Belfast is the capital of Northern Ireland, with a population of 348,000 in 2001. The city is located at the mouth of the River Lagan, where it flows into Belfast Lough, which in turn is an inlet into the Irish Sea. The city gets its name from the Irish Beal Feirste, the 'crossing of the sand bank' of the river Feirste. Belfast is well-known for the Troubles which began in 1969, resulting in terrorist campaigns by groups like the IRA and UVF. In recent years, however, the peace process has resulted in a peace dividend for the city, and it has many attractions for the visitor.

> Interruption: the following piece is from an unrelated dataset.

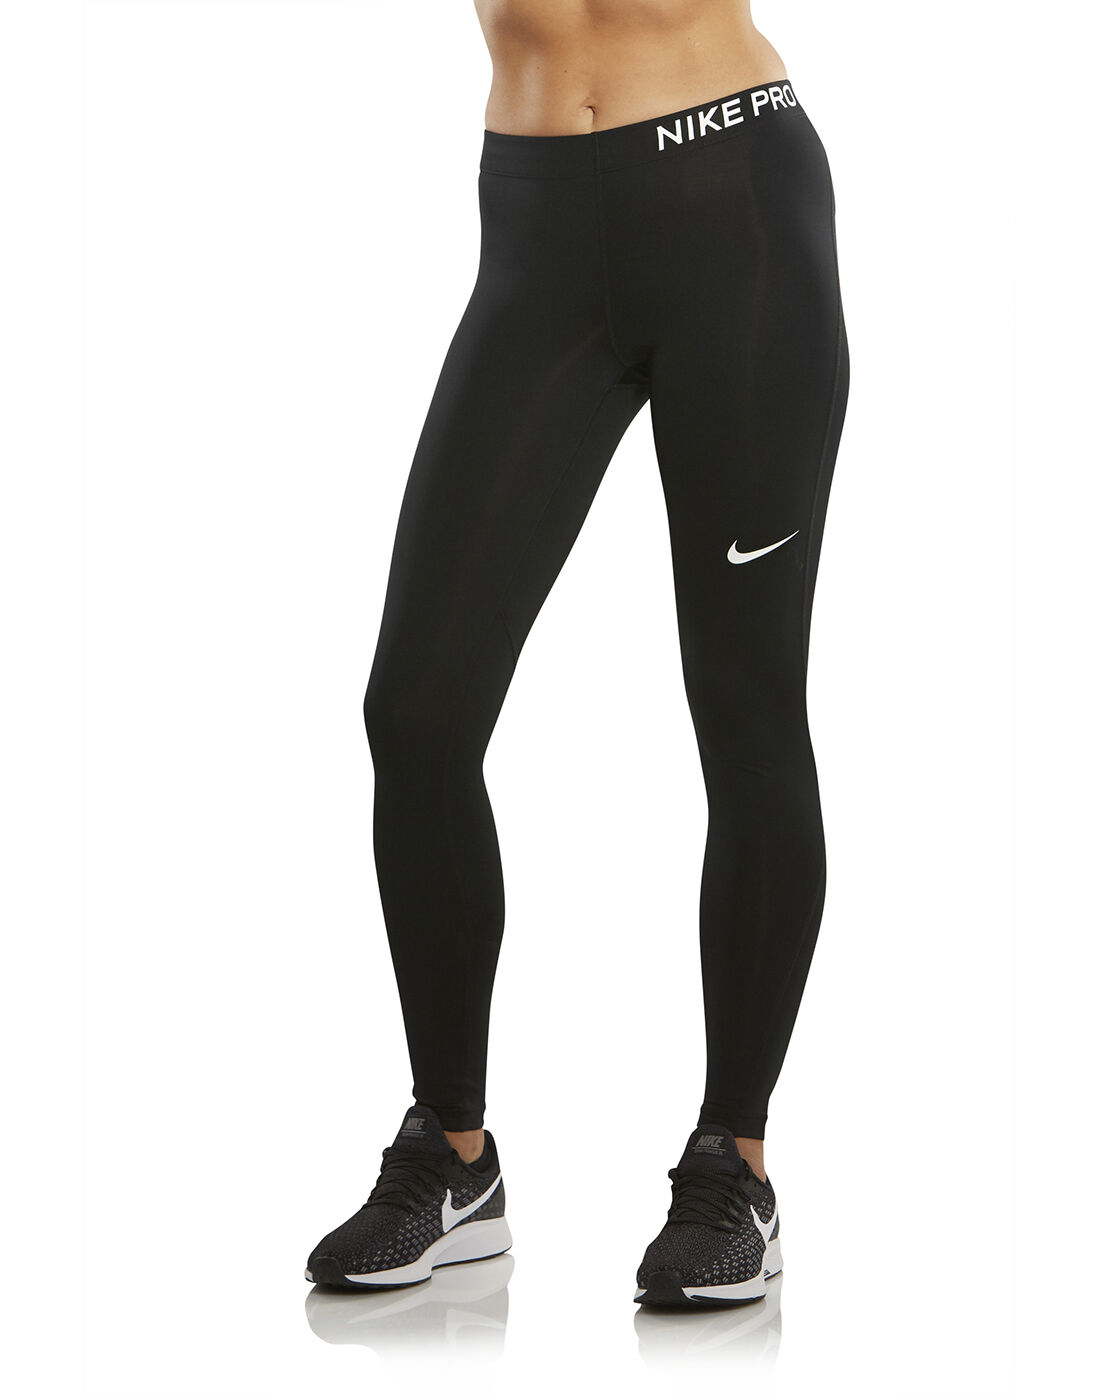 Women's Nike Pro Training Tights

This writeup will look at places worthy of a visit both within the city and nearby, before giving a brief history of some key events in the city's development.

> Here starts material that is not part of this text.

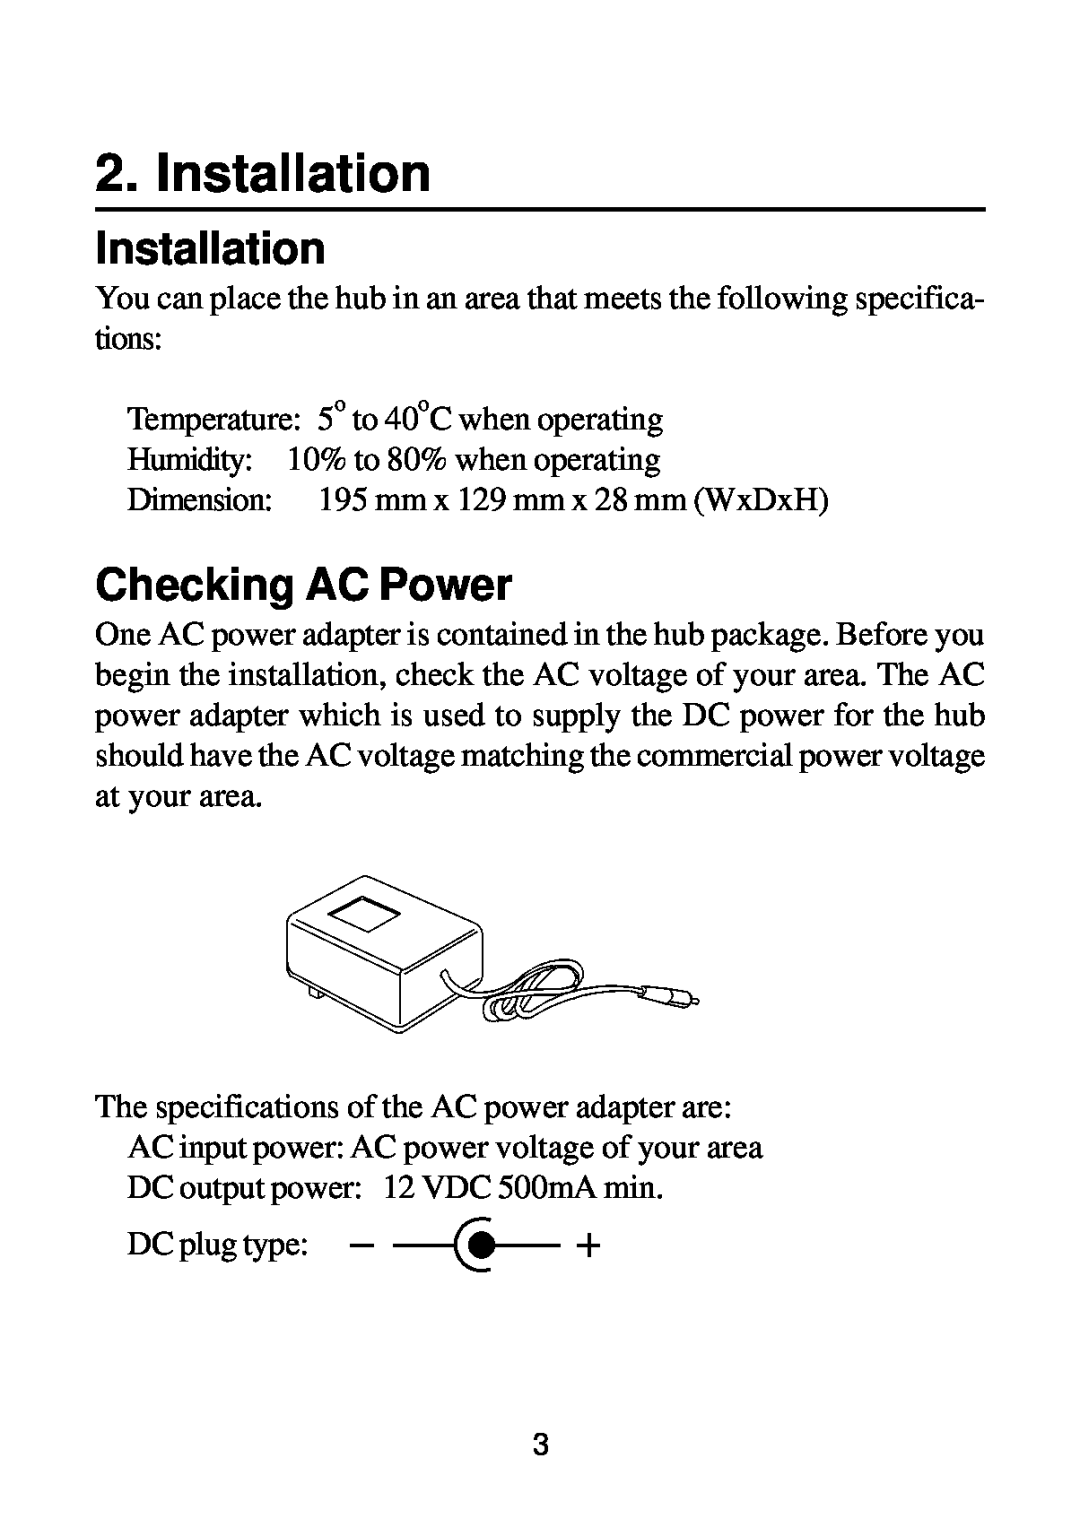 KTI Networks DH-8T manual Installation, Checking AC Power

Places to visit in Belfast


Nearby attractions


Belfast's history

Belfast was incorporated by a charter in 1613. In 1708 its castle was destroyed by fire, and in 1770 the 'steelboys' movement of Presbyterian farmers marched on Belfast barracks in an attempt to release one of their colleagues. 1886 saw Protestants riot in protest against impending Irish home rule. By this time the city was prospering as a centre of linen, engineering and shipbuilding. 12,000 Unionists and Liberal Unionists met in Belfast to protest Gladstone's home rule proposals in 1892. The Belfast Opera House, designed and built by Frank Matcham, opened in 1895.

In 1920, as the Irish war of independence raged, riots broke out in Belfast, one of the factors leading to the first Northern Ireland parliament, which opened in Belfast City Hall in 1921. During World War II, more than 700 people died in the city in one air raid, in April 1941.

British troops entered the city in August, 1969, in an attempt to control sectarian riots by Catholics and Protestants. A curfew was introduced in July, 1970, after troops were killed by petrol bombs. Internment and a terrorist crackdown again led to riots in 1971. Belfast women launched a peace campaign in August 1976, and John Stalker was removed from an inquiry into allegations of a 'shoot-to-kill' policy by police in 1986, as the Troubles continued. 300 extra troops were brought into the city in 1991 as sectarian murders rose in number.

Hopes rose for peace in 1993 as John Major and Albert Reynolds signed a declaration designed to bring peace to the province. An IRA ceasefire was declared in 1994, and Loyalists responded in kind. Peace talks led to the signing of another peace agreement by Tony Blair and Bertie Ahern in 1998, designed to lead to a devolved Ulster assembly. Ulster Unionists formed a majority in the first elections to the assembly. The peace process has, however, been dogged by problems since then.



A personal note

I visited Belfast in the early 90s, before the IRA ceasefire - I was visiting a friend I had known at university in Glasgow. I remember the barbed wire around the police stations, and the armoured cars with their Freephone numbers painted on the side (I was bemused to see 666, the Number of the Beast included within one number).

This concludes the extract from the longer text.